“They mount quite capable defenses of their own, Captain,” Dahak observed, and Colin felt them through his feed. ECM systems lured Dahak’s fire wide and on-board maneuvering systems sent the red dots into wild gyrations, and they were faster than the counter-missiles chasing them.

“Where are they coming from, Dahak?”

“Scanners have detected twenty-four identical structures orbiting Kano-III,” Dahak replied as his close-range energy defenses opened fire and killed another dozen missiles. At least twenty were still coming. “I have detected launches from only four of them.”

Only four? Colin puzzled over that as the last dozen missiles broke past Dahak’s active defenses. He found himself gripping his couch’s armrests; there was nothing else he could do.
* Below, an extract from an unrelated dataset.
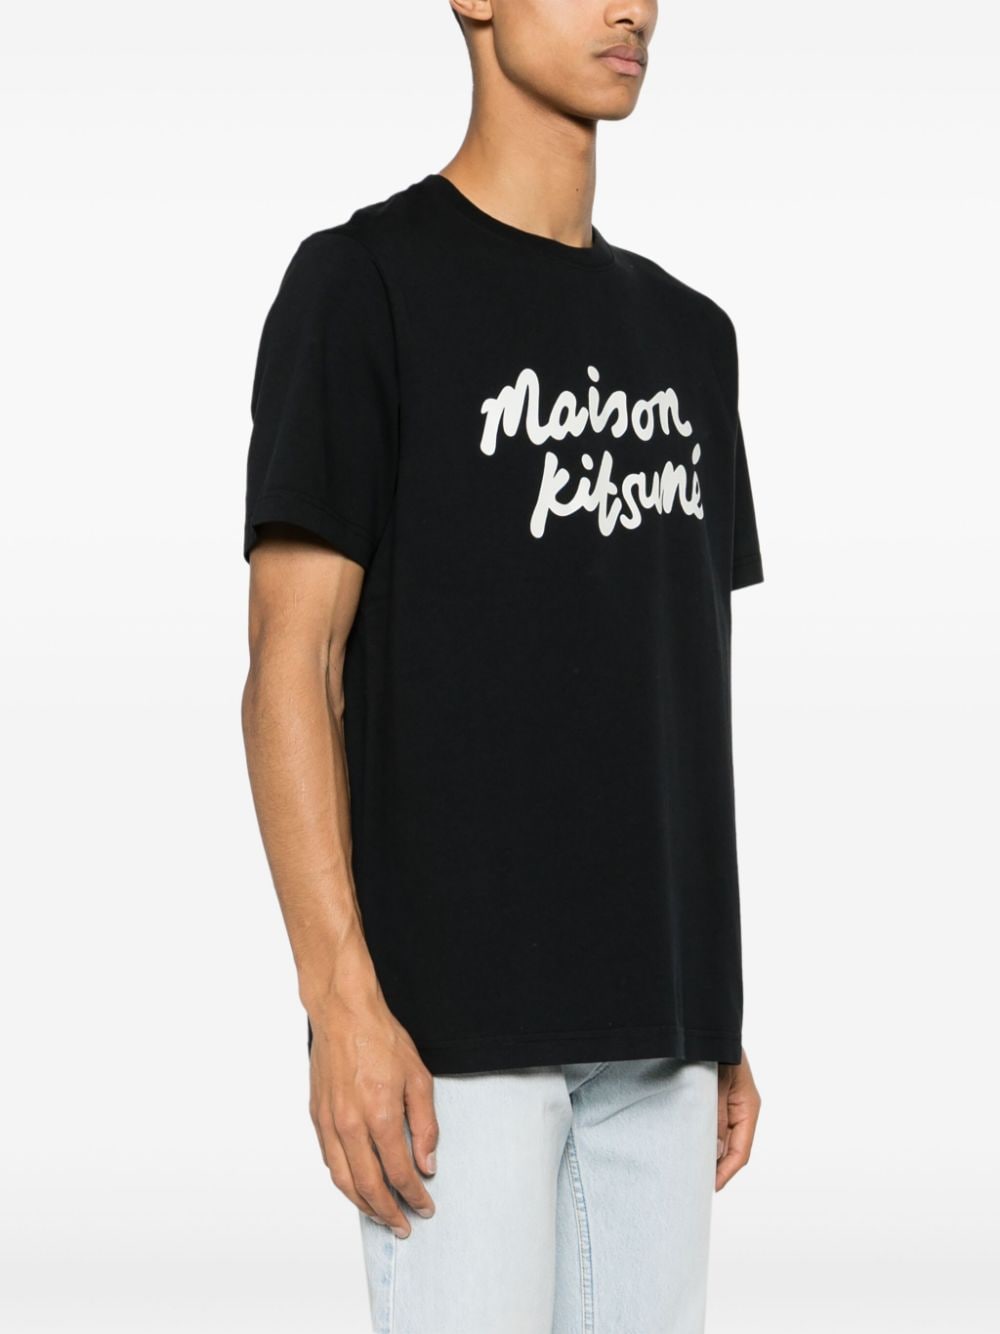 Maison Kitsuné - T-shirt black Handwriting Comfort - Lothaire

Dahak’s display blanked in the instant of detonation, shielding his bridge crews’ optic nerves from the fury unleashed upon him. Anti-matter warheads, their yields measured in thousands of megatons, gouged at his final defenses, but Dahak was built to face things like that, and plasma clouds blew past him, divided by his shield as by the prow of a ship. Yet mixed with the anti-matter explosions were the true shipkillers of the Imperium: gravitonic warheads.
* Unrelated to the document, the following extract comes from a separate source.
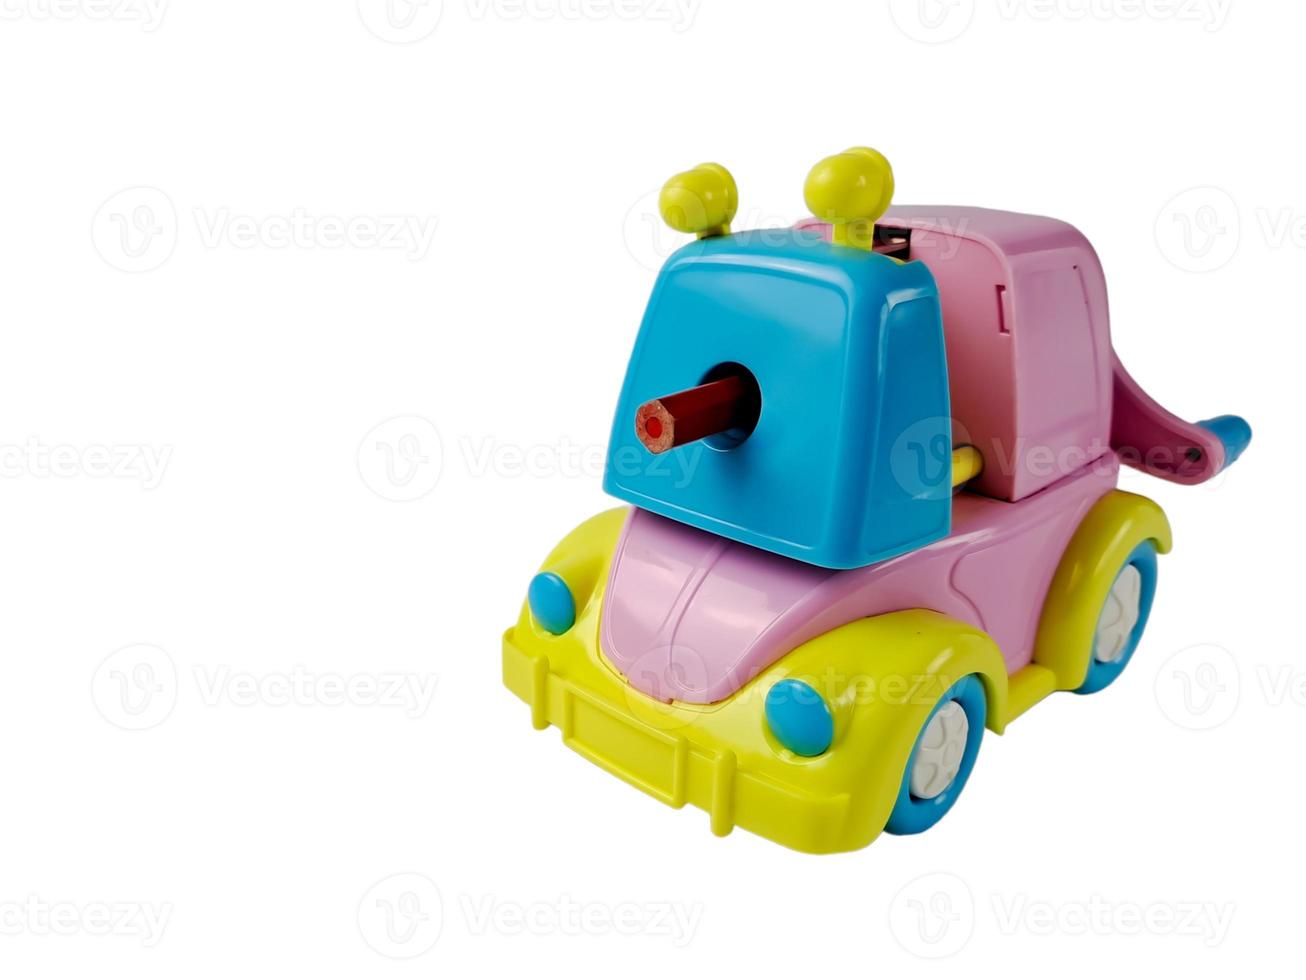 bleistiftspitzer modell spielzeugauto bunt pastell foto

The ancient starship lurched. For all its unimaginable mass, despite the unthinkable power of its drive, it lurched like a broken-masted galleon, and Colin’s stomach heaved despite the internal gravity field. His mind refused to contemplate the terrible fury which could produce that effect as gravitonic shield components screamed in protest, but they, too, had been engineered to meet this test. Somehow they held.
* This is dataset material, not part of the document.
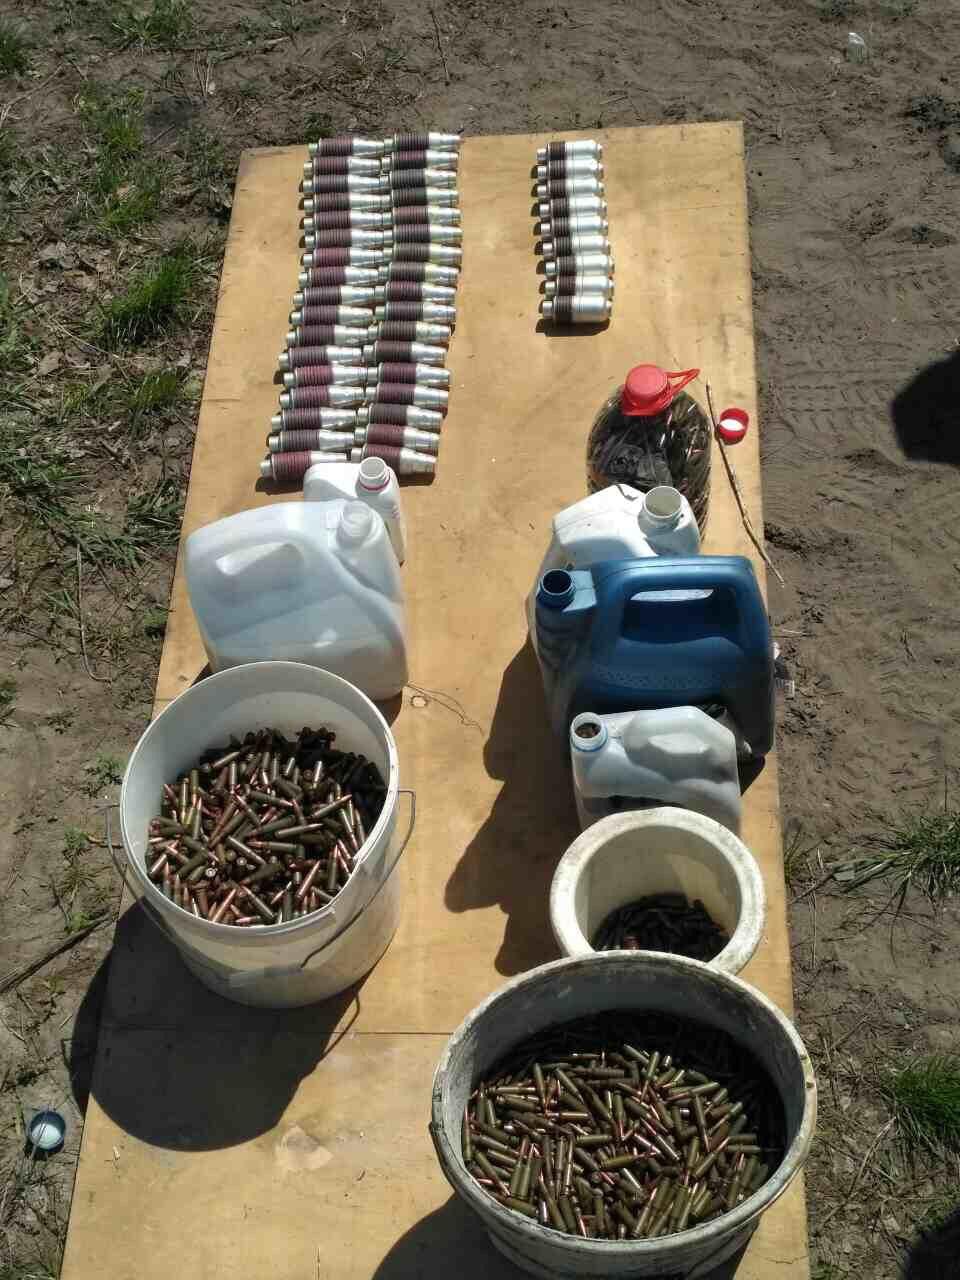 Боеприпасы и оружие, обнаруженные во время обысков по месту жительства фигурантов производства

The display flashed back on, spalled by fading clouds of gas and heat, and a damage signal pulsed in Colin’s neural feed. A schematic of Dahak’s hull appeared above his console, its frontal hemisphere marred by two wedge-shaped glares of red over a kilometer deep.

“Minor damage in quadrants Alpha-One and Three,” Dahak reported. “No casualties. Capability not impaired. Second salvo entering interdiction range. Third enemy salvo detected.”

More counter-missiles flashed out, and Colin reached a decision.

“Tactical, take out the actively attacking installations!”

“Acknowledged,” Tamman said, and the display bloomed with amber sighting circles. Each enclosed a single missile platform, too tiny with distance for even Dahak to display visually, and Colin swallowed. Unlike their attackers, Tamman was using hyper missiles.

“Missiles away,” Dahak said. And then, almost without pause, “Targets destroyed.”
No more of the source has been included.